Nerium: We should have mentioned that. You’re right! Shout. Anybody in the Discord would already know this, but yeah, we are going to be posting 99 Potions on Fridays going forward. It just gives us more time to produce the episodes, and we had some scheduling stuff open up, so now we have more time to do it. So it’s like, okay, well, we might as well put more love and attention into the shows that we have, to have them go up later and just be, you know, juicier. And then that separates them a little bit from Channel F too, ’cause like in the current format, they come out like right next to each other, and this way they’re spread out more across the week and people have something to look forward to, and that’s why they save the best for last. They save 99 Potions for Fridays.
Nerium: Best podcast.
Michael: The juiciest potions in the game.
Nerium: The juiciest potions, the best podcasts, better ingredients, Papa John’s. [Imran laughs]
Michael: God damn. Papashan’s.
Nerium: Papashan’s. Yeah, there we go! We did it!
Nerium: Brought it back to Final Fantasy XIV.
Michael: All coming back to Final Fantasy XIV. [Michael and Nerium laugh]
Nerium: Imran, you’ll get that in six years. [laughter] But you don’t have to wait another six years to listen to another episode of 99 Potions or to contact us at firstname.lastname@example.org is the email address one last time. You can also con– well, I guess contact us. I don’t know. You can follow us on Twitter @fanbytemedia as the general thing. You can find me on Twitter @neriumstrom. That is about it. We are going to clock on out, but before we do, we always love to commemorate the movement. Commemorate the– no.
Imran: The movement.
Nerium: The moment? Commemorate the end of this episode.

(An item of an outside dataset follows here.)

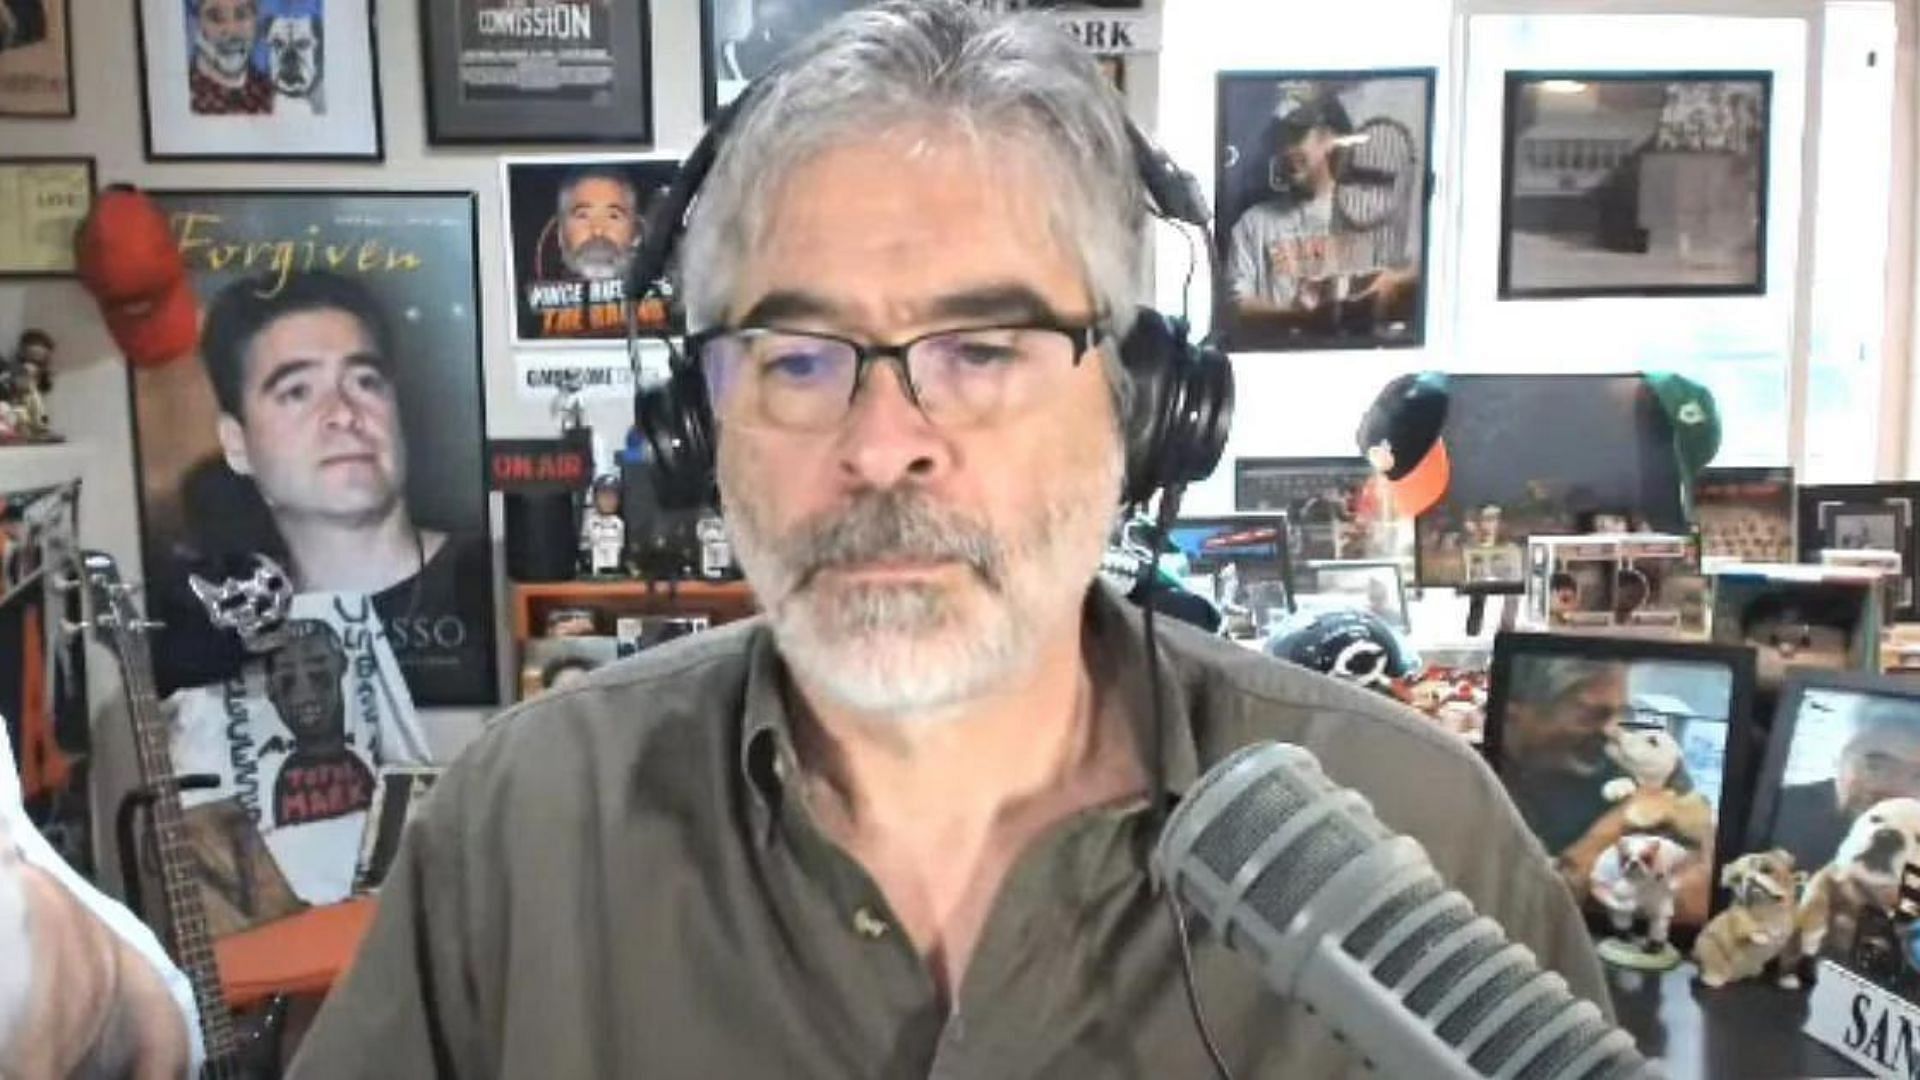 Former WWE personality Vince Russo

Michael: This a movement, yeah.
Imran: Yeah. It’s a movement of good podcasts.
Nerium: There’s more and more people. They’re taking to the streets. They’re saying “99 Potions is a good podcast!”
Nerium: “Not a bad one! Stop saying it isn’t!” And to give themselves strength, they saddle on up to the bar, and they grab a potion, and they give it a nice hearty clink.